Perhatian secara intensif perlu dikerahkan dalam mengatasi permasalahan kebakaran hutan. Sayangnya masih banyak orang, terkhususnya para ahli lingkungan, yang masih berorientasi kepada pendapatan. Dengan adanya insentif serta reward yang kecil, tentu upaya untuk menjaga hutan menjadi tidak terlalu menarik. Masih ada kesempatan bekerja di perusahaan lain yang bergaji lebih tinggi, dengan perusahaan sawit contohnya. Namun, Indonesia patut bersyukur karena masih ada beberapa orang yang mau bekerja keras demi masa depan hutan Indonesia. Kesuksesan skema ini merupakan hasil kerja keras segelintir dari orang-orang tersebut.
3. Kerja menurunkan emisi itu menguras sumber daya, waktu tenaga dan pikiran.
Daripada membuang waktu untuk mengurus hutan, lebih baik digunakan untuk memikirkan bagaimana caranya mencari uang untuk membeli mobil baru atau memperlebar patok tanah rumah. Ketimbang mondar-mandir kesana kemari memantau kinerja petugas lapangan, lebih baik waktunya digunakan untuk plesir ke Singapura sambil shopping.
Sayangnya kalau hutan habis, nafas manusia juga akan habis. Entah karena bencana yang terus menerus bermunculan seperti banjir dan kekeringan atau karena secara harfiah tercekik asap kebakaran hutan. Kalau gambut sumatera terbakar, bukannya aman, plesir ke Singapura malah bisa saja menjadi kegiatan sukarela menjemput maut.
4. Muncul lebih banyak masalah yang harus diselesaikan.
Keberhasilan menjaga hutan memang menyederhanakan kompleksitas masalah. Namun, mempertahankannya juga perlu usaha yang lebih keras. Saat hutan sudah rapi dan bersih maka tuntutan lain akan bermunculan. Katakanlah rakyat berhenti merambah hutan, apakah hal ini menghentikan korporasi besar dalam melakukan ekspansi? Atau mari berasumsi sebaliknya, perusahaan berhenti berekspansi namun rakyat menjerit minta diberi lahan.

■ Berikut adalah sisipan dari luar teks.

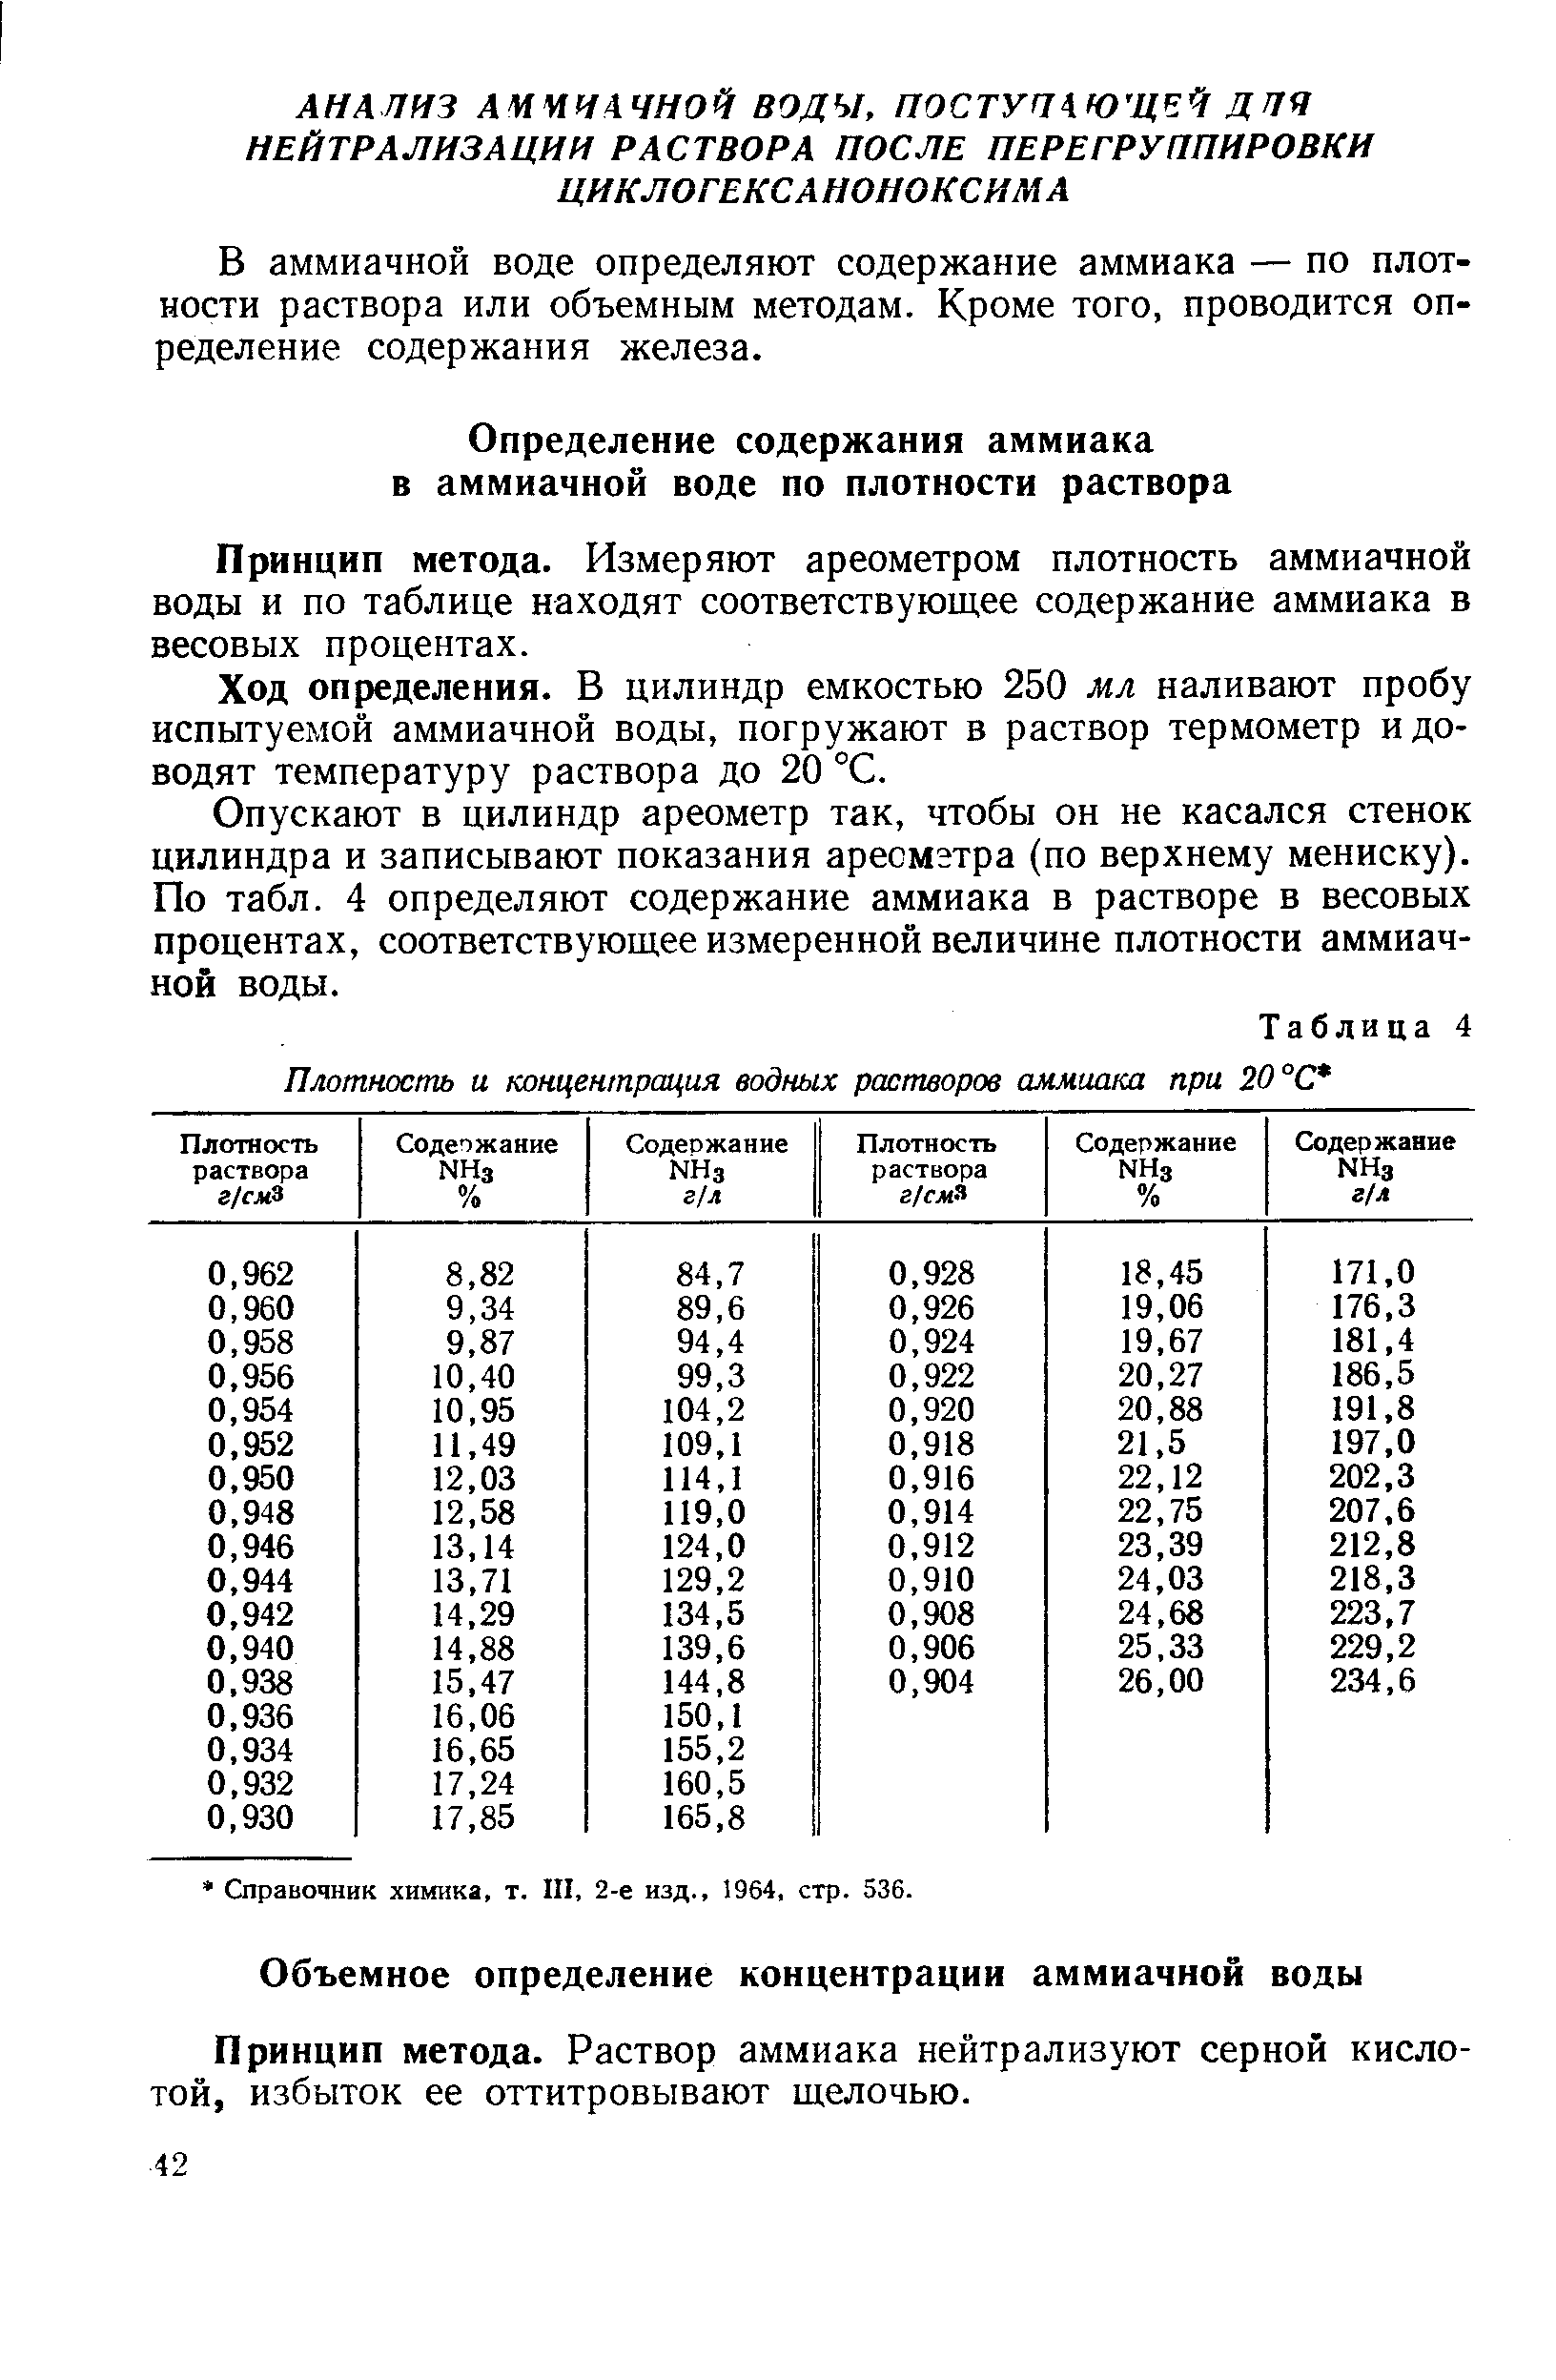 Принцип метода. Измеряют ареометром плотность аммиачной воды и по таблице находят соответствующее содержание аммиака в весовых процентах.
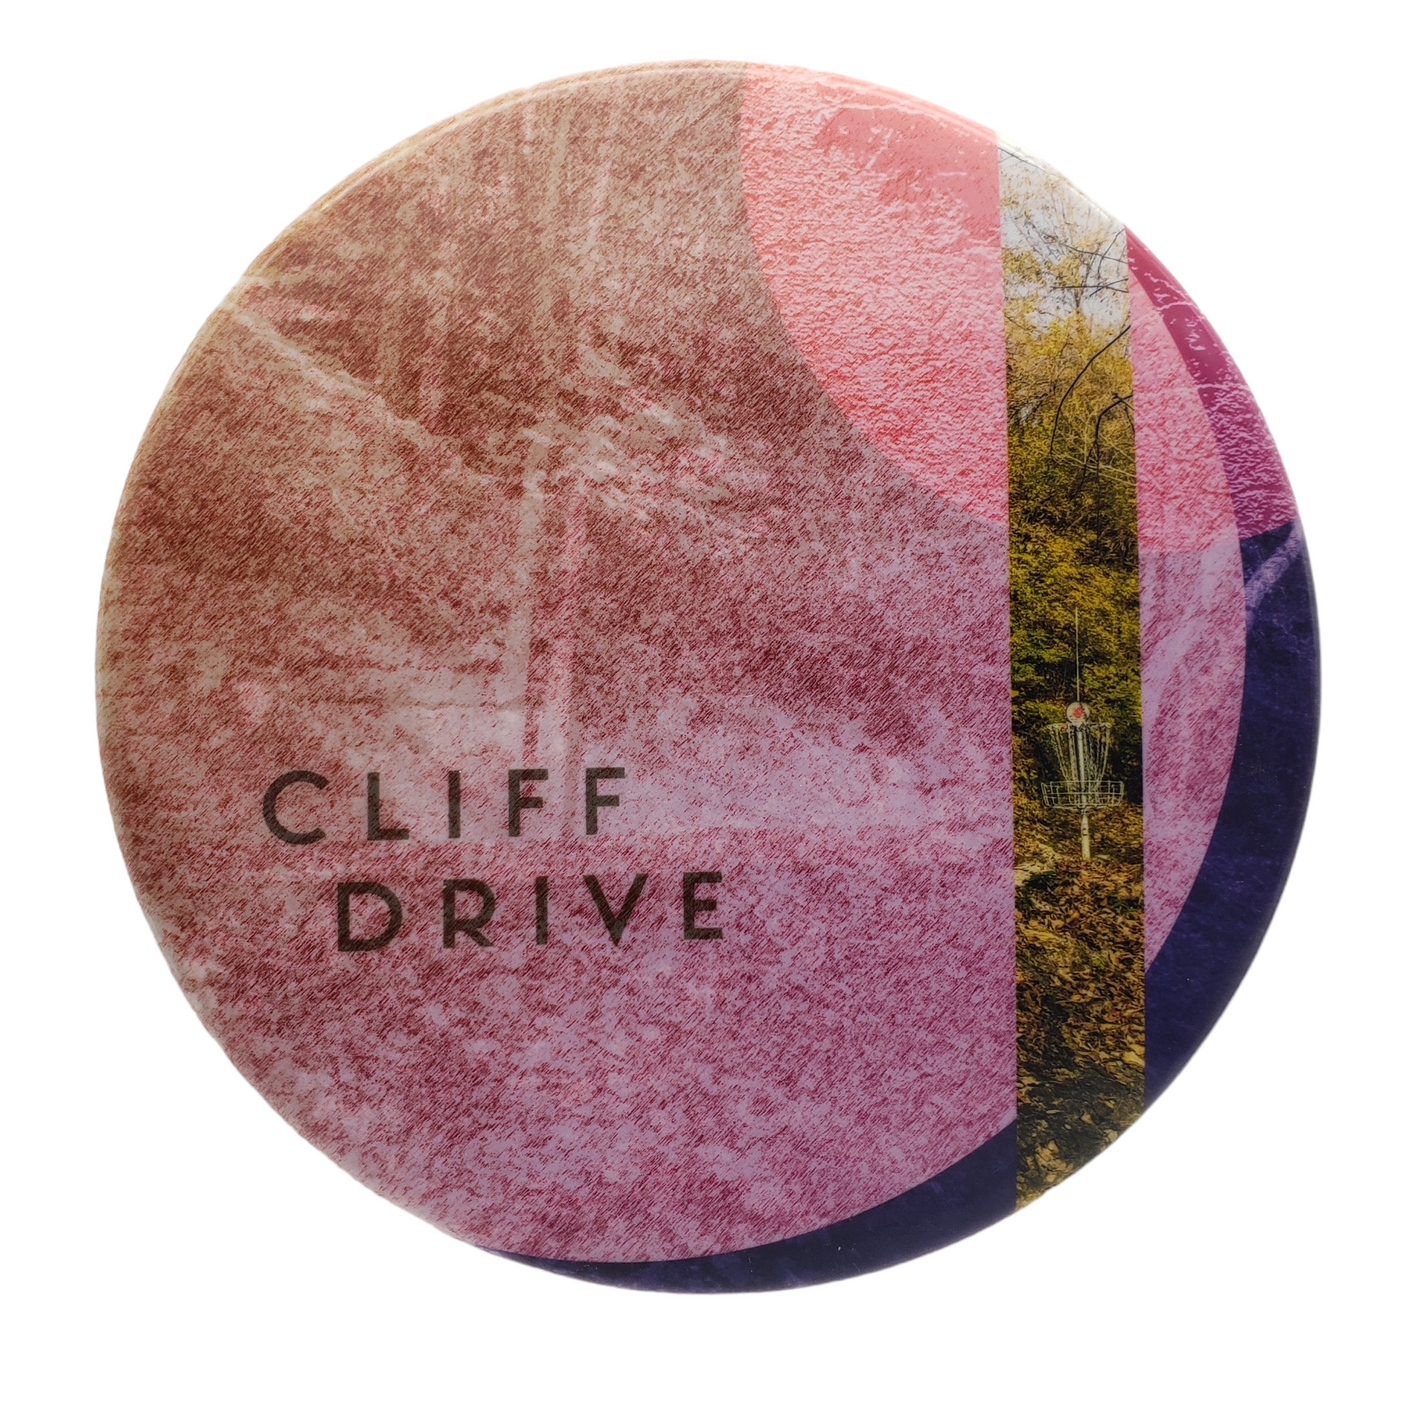 Kansas City Course Series: (Cliff Drive) Dynamic Discs Fuzion Suspect Disc Golf Disc

Pemerintah akan tambah pusing dan masalah justru lebih kompleks.
Namun, tentu saja itu masalah lain dan masalah nanti. Jeritan alam jauh terlebih dahulu perlu didengarkan. Kestabilan ekosistem perlu dijaga karena faktanya manusia tidak bisa hidup lepas dari alam. Mungkin bisa dibantah dengan argumen, “Iptek sudah begitu maju, bahkan daging dan oksigen bisa dibuat di laboratorium.” Betul sekali, tapi kamu kira laborannya gak butuh oksigen atau daging asli buat tetap hidup?
Terakhir, isu yang paling ‘seksi’ dan aktual. Kebijakan Food Estate yang sedang panas-panasnya diperbincangkan menjadi sebuah kontradiksi yang layak diberi panggung. Kalau mengolah gambut mendatangkan keuntungan, mengapa negara lain perlu repot menjanjikan uang untuk mempertahankan gambut? Selain itu, nilai ekonomi sawit dan kontribusinya yang begitu besar terhadap pendapatan negara memunculkan logika lain. Ubah saja hutan menjadi sawit maka kita kaya.
Tentu permasalahannya tidak sesederhana ini. Food estate yang dicanangkan pemerintah, bahkan mungkin sudah berjalan, ini berada di lahan gambut dangkal. Meskipun sama-sama gambut, setidaknya ini gambut dangkal. Gambut dangkal. Kita harus mengapresiasi ide jenius ini. Terakhir tentang sawit, produksi minyak sawit Indonesia sudah tinggi. Kalau ditinggikan lagi mau mencari pasar ke mana? Lagipula sudah banyak seruan untuk mengurangi bahkan meninggalkan produk berbaku sawit hasil perambahan hutan. Kalau pasar meminta demikian, apakah masih perlu lahan sawit yang lebih luas?
Argumen pamungkas artikel ini adalah kalau dengan adanya skema perjanjian REDD+ saja masalah-masalah kehutanan masih tetap tinggi, bayangkan apa yang terjadi jika tidak ada skema ini? Sayangnya opsi pindah ke planet mars tetap saja butuh bekal. Kalau alam sudah habis manusia justru akan hidup seperti pengungsi di planet Mars. Di Bumi, pengungsi lebih beruntung karena masih ada manusia lain yang menampung, lah di Mars?